Work to be completed:
All lines from the one containing "cfbb9288d5 blanc la" through the end of the data below are to be transcribed exactly. Leave out the rest.

Listed entries:
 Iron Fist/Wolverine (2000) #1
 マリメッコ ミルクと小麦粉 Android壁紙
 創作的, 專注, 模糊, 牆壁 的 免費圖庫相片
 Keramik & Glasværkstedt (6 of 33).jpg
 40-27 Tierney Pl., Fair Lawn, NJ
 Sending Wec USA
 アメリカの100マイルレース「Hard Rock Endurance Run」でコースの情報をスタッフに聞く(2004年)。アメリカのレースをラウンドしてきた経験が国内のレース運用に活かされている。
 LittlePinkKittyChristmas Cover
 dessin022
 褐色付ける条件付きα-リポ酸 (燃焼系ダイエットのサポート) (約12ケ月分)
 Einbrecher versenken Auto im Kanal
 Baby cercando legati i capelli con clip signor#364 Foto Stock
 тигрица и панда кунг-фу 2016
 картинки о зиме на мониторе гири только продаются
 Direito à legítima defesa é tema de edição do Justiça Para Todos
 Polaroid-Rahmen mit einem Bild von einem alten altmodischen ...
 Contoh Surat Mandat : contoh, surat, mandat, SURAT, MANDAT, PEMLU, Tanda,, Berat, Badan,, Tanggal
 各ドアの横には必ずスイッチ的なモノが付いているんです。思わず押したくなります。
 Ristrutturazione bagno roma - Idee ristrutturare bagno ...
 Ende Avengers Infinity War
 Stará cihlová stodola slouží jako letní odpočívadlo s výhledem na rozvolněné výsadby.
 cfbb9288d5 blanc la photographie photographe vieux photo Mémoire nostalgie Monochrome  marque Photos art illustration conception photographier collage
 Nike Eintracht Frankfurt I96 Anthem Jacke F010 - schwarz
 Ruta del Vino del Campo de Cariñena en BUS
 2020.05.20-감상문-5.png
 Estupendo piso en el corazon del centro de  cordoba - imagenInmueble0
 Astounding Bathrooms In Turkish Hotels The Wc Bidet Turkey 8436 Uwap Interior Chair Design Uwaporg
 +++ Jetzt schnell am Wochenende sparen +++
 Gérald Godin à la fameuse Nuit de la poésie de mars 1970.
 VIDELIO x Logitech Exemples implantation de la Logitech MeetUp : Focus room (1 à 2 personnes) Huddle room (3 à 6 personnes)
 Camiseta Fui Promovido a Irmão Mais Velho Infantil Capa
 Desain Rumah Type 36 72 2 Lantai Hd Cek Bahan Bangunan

Output below:
 cfbb9288d5 blanc la photographie photographe vieux photo Mémoire nostalgie Monochrome  marque Photos art illustration conception photographier collage
 Nike Eintracht Frankfurt I96 Anthem Jacke F010 - schwarz
 Ruta del Vino del Campo de Cariñena en BUS
 2020.05.20-감상문-5.png
 Estupendo piso en el corazon del centro de  cordoba - imagenInmueble0
 Astounding Bathrooms In Turkish Hotels The Wc Bidet Turkey 8436 Uwap Interior Chair Design Uwaporg
 +++ Jetzt schnell am Wochenende sparen +++
 Gérald Godin à la fameuse Nuit de la poésie de mars 1970.
 VIDELIO x Logitech Exemples implantation de la Logitech MeetUp : Focus room (1 à 2 personnes) Huddle room (3 à 6 personnes)
 Camiseta Fui Promovido a Irmão Mais Velho Infantil Capa
 Desain Rumah Type 36 72 2 Lantai Hd Cek Bahan Bangunan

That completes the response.